6. Optional: If you have more than two search conditions, and you select AND to separate each condition, set the order value to prioritize them.
7. Continue to add, modify, or remove search criteria as desired and click Update to save your changes to the record.

Choose one option to continue.

Option	Description
Update	Update and save your changes to the record.
Search on Email Server(s)	Initiate a search on the servers with the criteria that you saved on the Email Search Criteria record.
Delete	Delete this Email Search record from your ServiceNow AI Platform instance. This action does not delete the actual email messages. It only deletes the search record used for finding messages. A dialog box is displayed. If you click Delete, the email search results and email search criteria for this search record are deleted. If a record has search results, the following warning is displayed.

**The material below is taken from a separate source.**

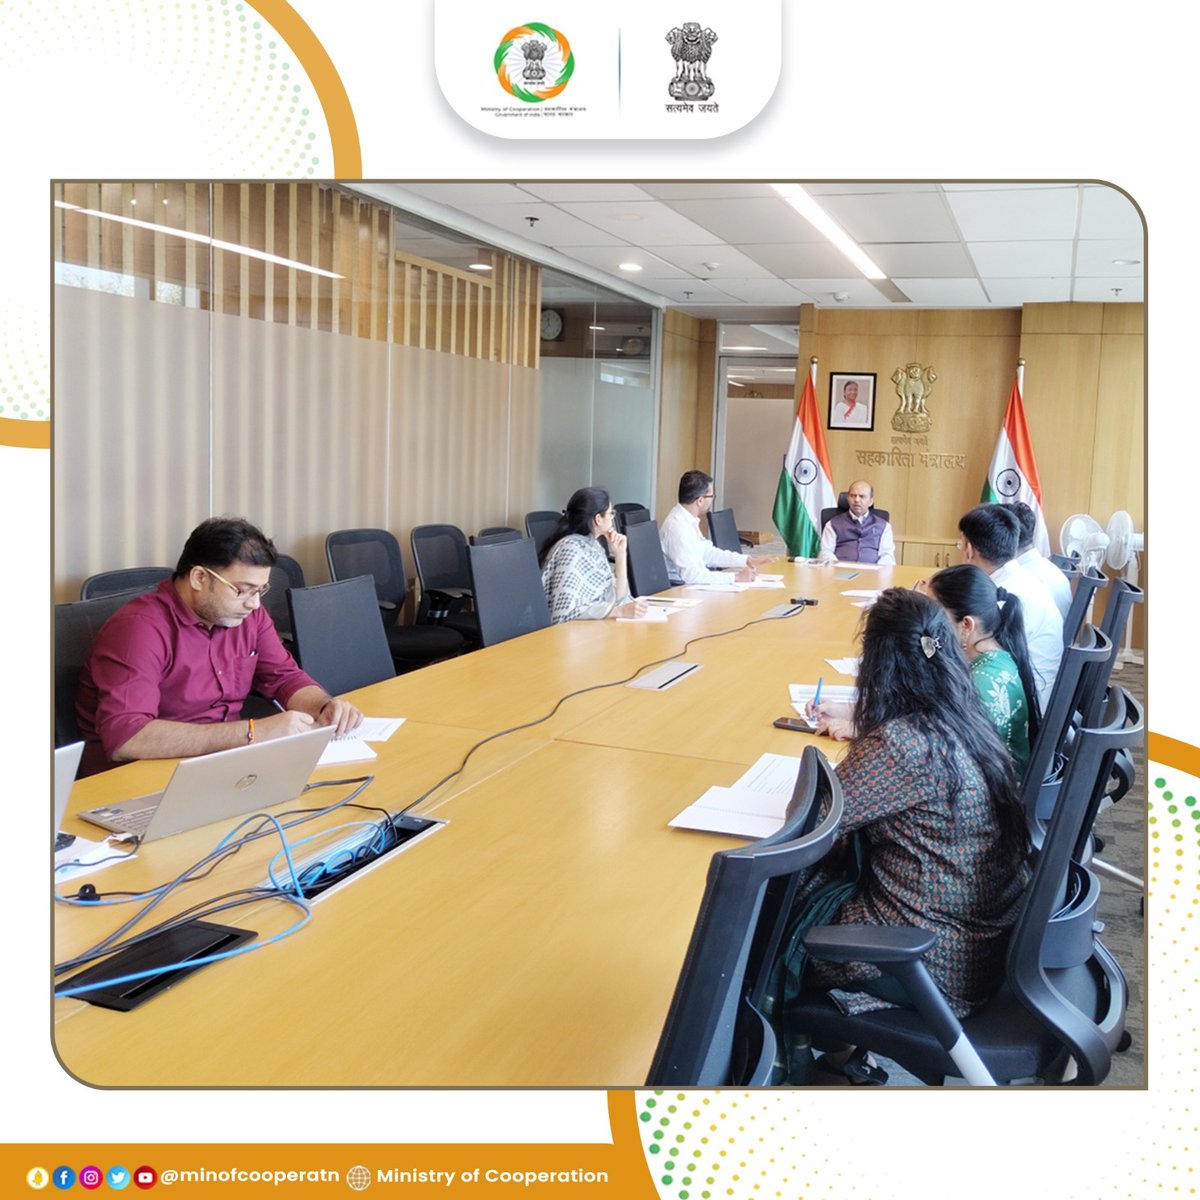 Today, Dr. Ashish Kumar Bhutani, Secretary, MoC, convened a meeting with the Project Management Unit (PMU) to review the progress of the implementation of world's largest grain storage plan in the cooperative sector.

#EmpoweringCooperatives #SahakarSeSamriddhi #Farmers #grain

To initiate an email search, on the email search record, click Search on Email Servers(s).
A message is displayed that indicates the search request is submitted.
On the Security Incident record, a work note is displayed indicating that a search has been initiated.

If tagging is enabled, at the top of the Security Incident record, the Email Search - Initiated security tag is displayed.

After the search is successfully completed, if email notifications are enabled, an email is sent to the email address of the individual who initiated the search.
In this example, the user with the sn_si.analyst role, Hans SecAnalyst, submitted this search. The following image shows that this notification is sent to an account in Microsoft Exchange Online. However, these notifications can be sent to a different email service, as required.
This notification lets you view any matched results that require follow-up and deletion. The following example shows that there is one email that matched the search criteria. An Email search result link to the email search result record in your ServiceNow AI Platform instance is also provided. If you want to view the search record, click this link.
From this email, to view the search results, click the Email search result link.
The email search result record is displayed. On this record, you can verify and review the following data.
- In the Raw data field, the email count for the number of emails that matched the search criteria {"count":1}, and the mailbox addresses where the emails were found are displayed ["JuanCustomer@nowsecopslab.onmicrosoft.com"].
- In the Recipients column, the recipient is (JuanCustomer@nowsecopslab.onmicrosoft.com).
- In the Sender column, the source of the email is displayed.
- In the Email date received column, the date and time the email was received is displayed to help you track phishing campaign time lines.
- In the Email read status column, the email in this example has not been read (false). If an email has been read, true is displayed.
- In the Was deleted column, the email in this example has not been deleted. If an email has been deleted, true is displayed.
Alternatively, to view the search results from the security incident, follow these steps.
1. Navigate to Security Incident > Incidents and open the security incident that you are working with.
  At the top of the record, when the search is successfully completed, the Email Search - Completed security tag replaces the Email Search - Initiated security tag.
  
  Work notes are displayed that the search is successfully completed and that one matching email was found.
2. Scroll to the bottom of the Security Incident record and click the Email Search related list.
  
  If the Email Search related list is not displayed, click theShow All Related Lists related link to display this related list.
3. With the Email Search related list selected, in the Email search column, click the name of your search.
4. In the Email Search record, click the Email Search Results related list.
5. In the Search date column, click the date of your search to display the data.
  The email search result record is displayed.
After an email search is successfully completed, evaluate the results. If you determine that emails require remediation, you are now ready to delete emails, or request delete approval.